PIP-33: Replicated subscriptions

Status: Merged
Author: Ivan Kelly, Matteo Merli
Pull Request:
Mailing List discussion:
Release: 2.4.0

Goal

Provide a mechanism to keep subscription state in-sync, within a sub-second timeframe, in the context of a topic that is being asynchronously replicated across multiple geographical regions.

Current state of affairs

Pulsar supports geo-replication feature, in which a topic can be configured to be replicated across N regions, (eg: us-west, us-east and eu-central).

The topic is presented as a virtual “global” entity in which messages can be published and consumed from any of the configured cluster.

The only limitation is that subscriptions are currently “local” to the cluster in which they are created. That is, no state for the subscription is transferred across regions.

If a consumer reconnects to a new region, it will trigger the creation of a new unrelated subscription, albeit with the same name. This subscription will be created at the end of the topic in the new region (or at the beginning, depending on configuration) and at the same time, the original subscription will be left dangling in the previous region.

The main problem is that the message ids of the messages are not consistent across different regions.

Problem we're trying to solve

There are many scenarios in which it would be very convenient for an application to have the ability to failover consumers from one region to another.
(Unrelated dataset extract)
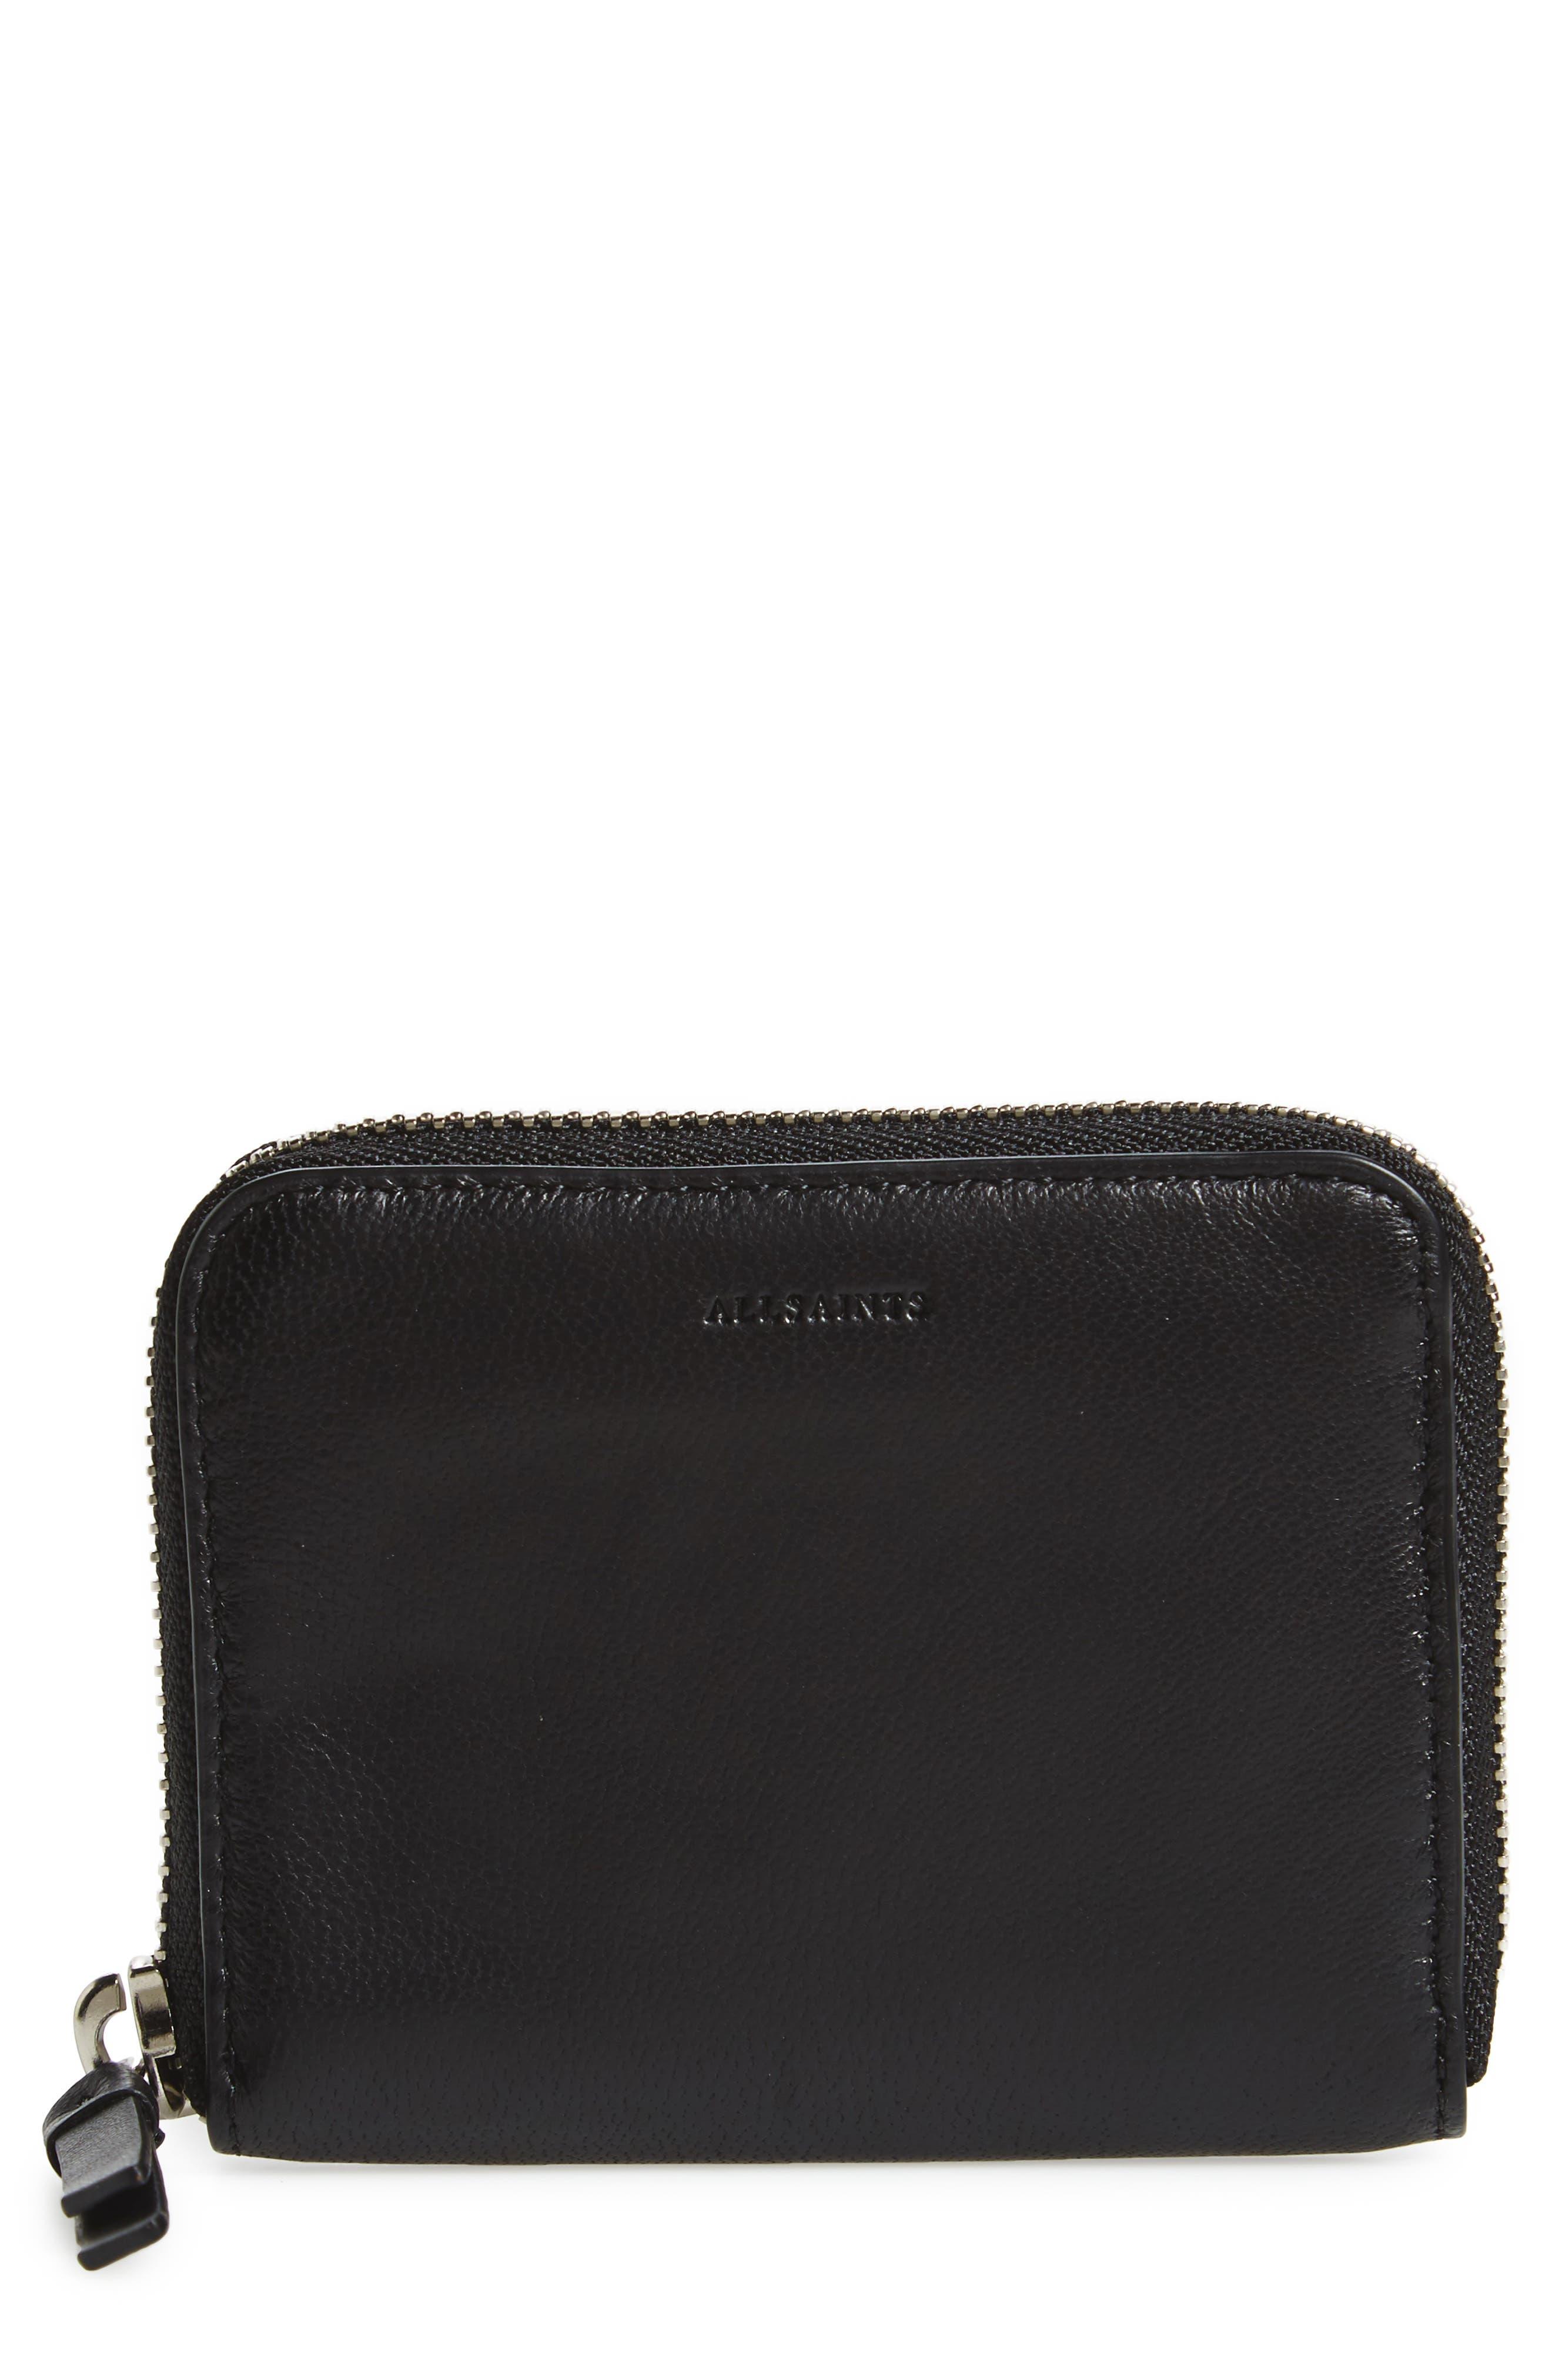 Kanda Mini Zip Wallet,                             Main thumbnail 1, color,                             001

During this failover event, a consumer should be able to restart consuming from where it left off in the previous region.

Given that for the very nature of async replication, having the exact position will be impossible, in most cases restarting “close” to that point will be already good enough.

Proposed solution

A Pulsar topic that is being geo-replicated can be seen as a collection of partially ordered logs.
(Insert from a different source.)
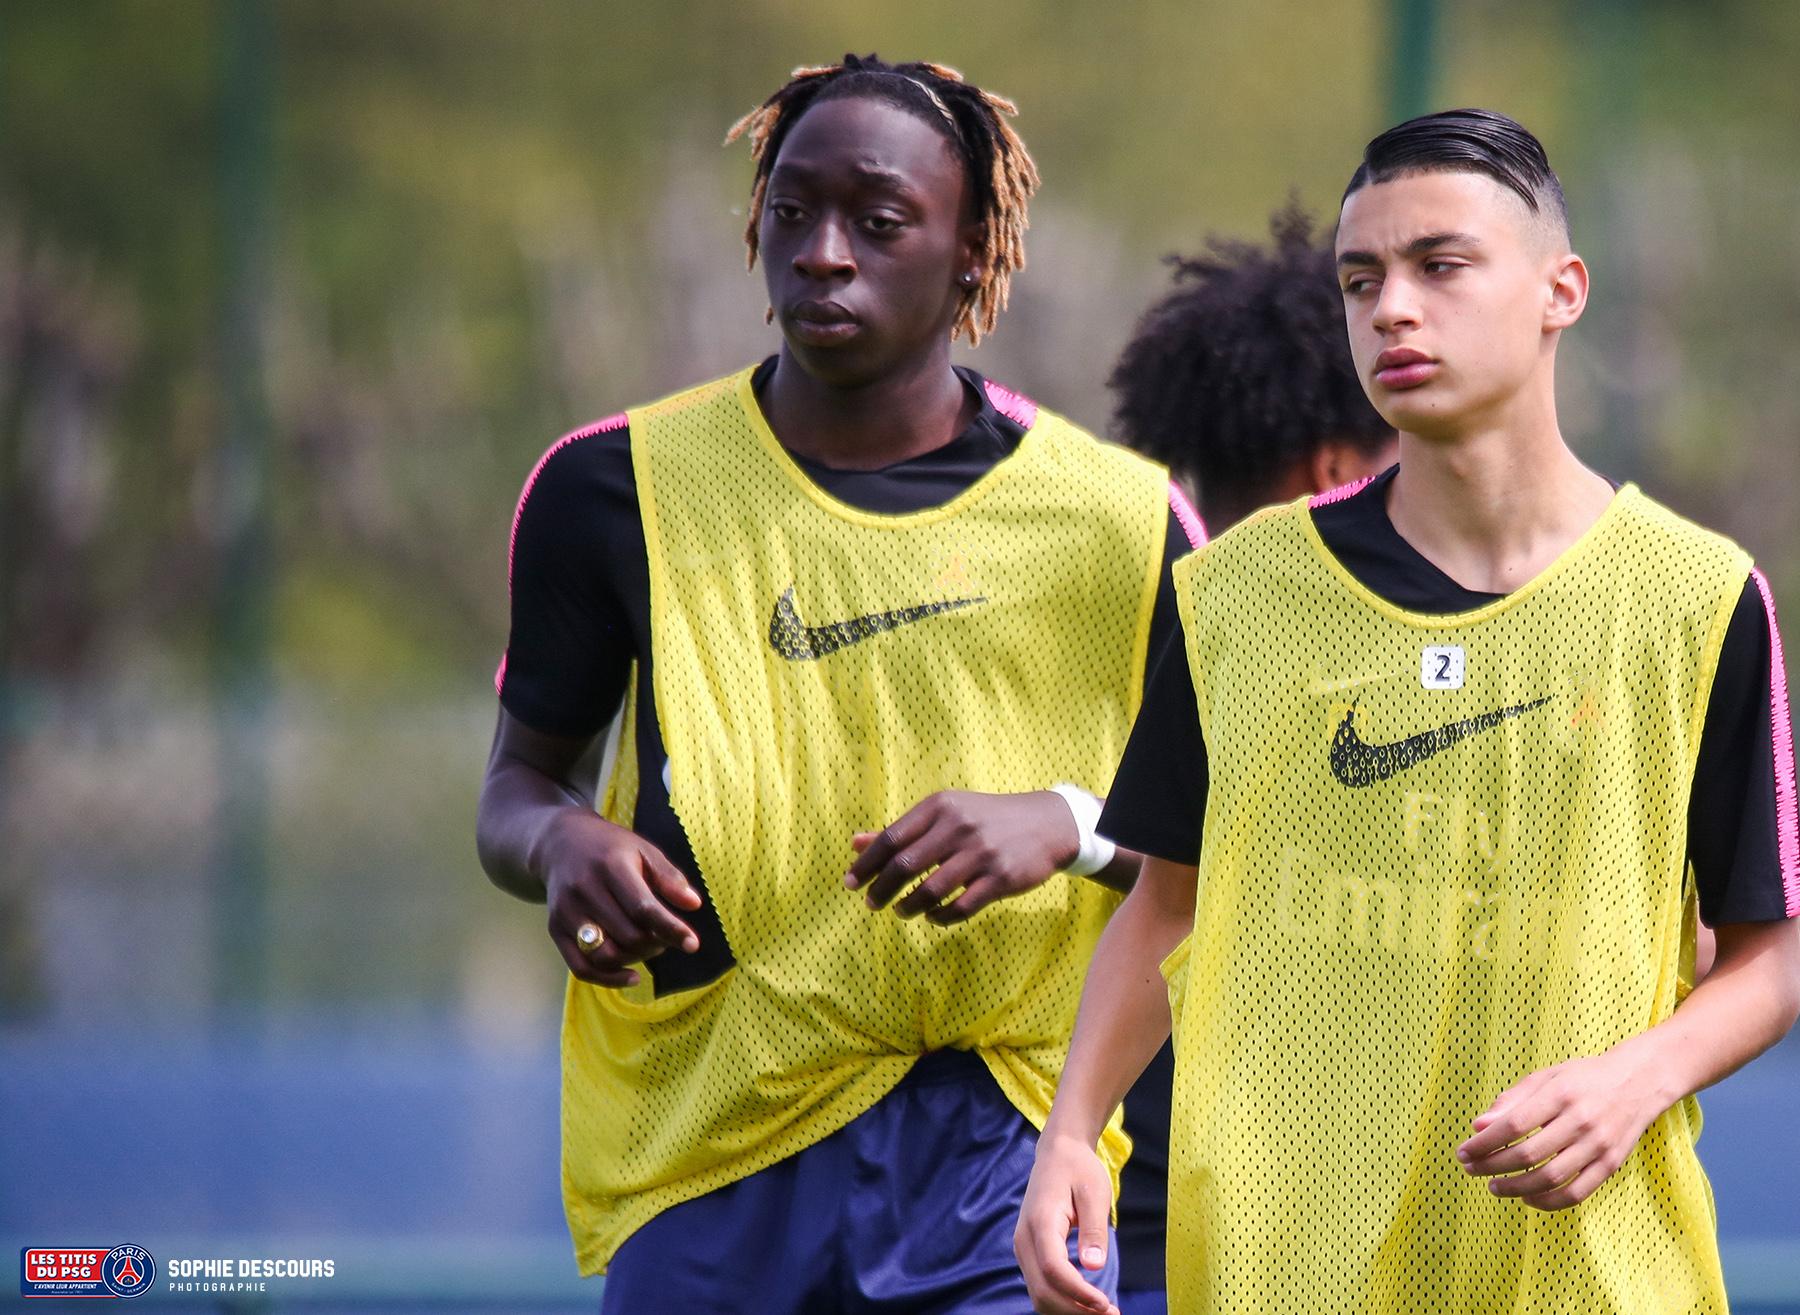 Tanguy Coulibaly attaquant U19 pendant le match PSG-LOSC le 21/04/2019

Since producers can publish messages on each of the regions, each region can end up having a sequence of messages different from the others, though messages from one particular region will be always stored in order.

The main idea is to create a consistent distributed snapshot to establish an association between message ids from different clusters.

The snapshot of message ids will be constructed in a way such that:

For a given message M1-a (written or replicated into region a)
We have a set of associated message ids from other regions, eg. M3-b and M1-c
When a consumer has acknowledged all messages <= M1-a, it will imply that it also have received (and acknowledged) all messages in region b with message id <= M3-b and all messages in region c with message id <= M1-c
With this, when the “mark-delete” position (the cursor pointer) of a given subscription moves past the M1-a message in region a, the broker will be able to instruct brokers in b and c to update the subscription respectively to M3-b and M1-c.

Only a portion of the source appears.